Department of Interior Wireless Networks Breached by $200 Units Hidden in Backpacks

Wireless networks within the US Department of the Interior (DoI) have been successfully breached ... not by high tech equipment, but 'on the cheap'.

As a means of testing the security of the networks, the DoI's Office of Inspector General (OIG) 'attacked' some of the hundreds of networks with low budget kits used in publicly accessible areas within the DoI's Washington office.

"We assembled portable test units for less than $200 that were easily concealed in a backpack or purse and operated these units with smartphones," stated the OIG in their Final Evaluation Report. "Our attacks simulated the techniques of malicious actors attempting to break into departmental wireless networks, such as eavesdropping, evil twin, and password cracking."

The results of the DoI attack showed that their wireless network infrastructure didn't operate to the guidelines set out by the National Institute of Standards and Technology (NIST).

The attacks went undetected by security guards and IT security staff and were able to intercept and decrypt (wireless) network traffic in numerous bureaus, including two where the OIG was able access internal networks.
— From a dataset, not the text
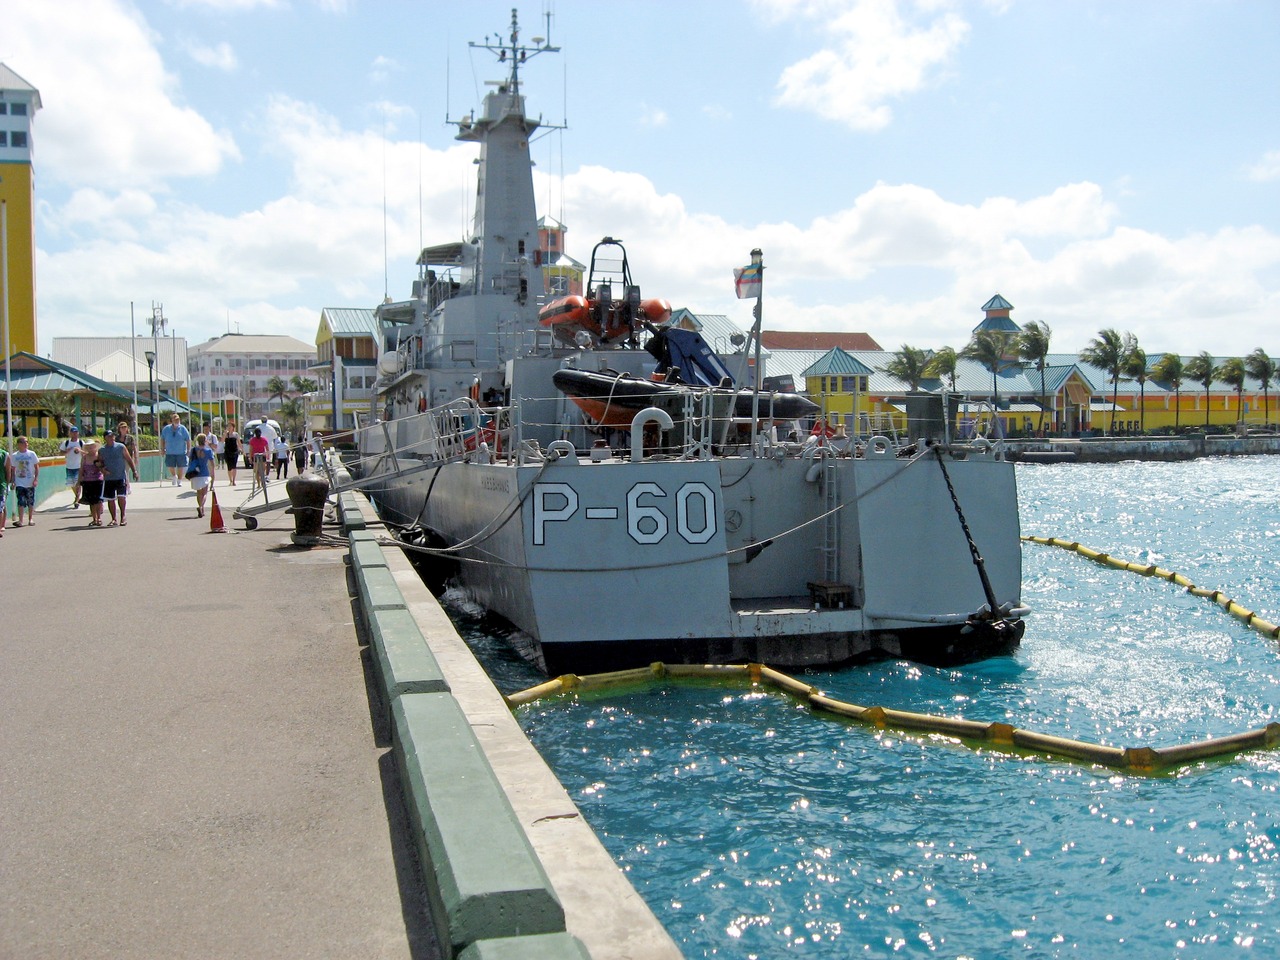 Royal Bahamas Defence Force offshore patrol vessel HMBS Bahamas P-60 docked at Prince George Wharf, Port of Nassau.

They also obtained the credentials of one bureau IT employee and used them to log into the bureau's help desk ticketing system.

"Our attacks reveal(ed) that the Department did not deploy and operate a secure wireless network infrastructure," stated the OIG. "We also found that several bureaus and offices did not implement measures to limit the potential adverse effect of breaching a wireless network."

Further to this, the OIG found that the DoI didn't require regular testing of network security, or maintain complete inventories of its wireless networks, and published contradictory, outdated, and incomplete guidance.

While the report was damning of the DoI, it didn't blame it entirely and noted the role of the Office of the Chief Information Officer (OCIO), which is in place to assist the DOI in all areas of information management and technology.

"These deficiencies occurred because the Office of the Chief Information Officer (OCIO) did not provide effective leadership and guidance to the Department," stated the OIG. "(It) failed to establish and enforce wireless security practices in accordance with NIST guidance and recommended best practices."

As a result of the attacks, 14 recommendations were made (in a draft report) to strengthen the DoI’s wireless network security. The OCIO concurred with all recommendations and stated that it is working to implement all of them, with 13 of the 14 resolved.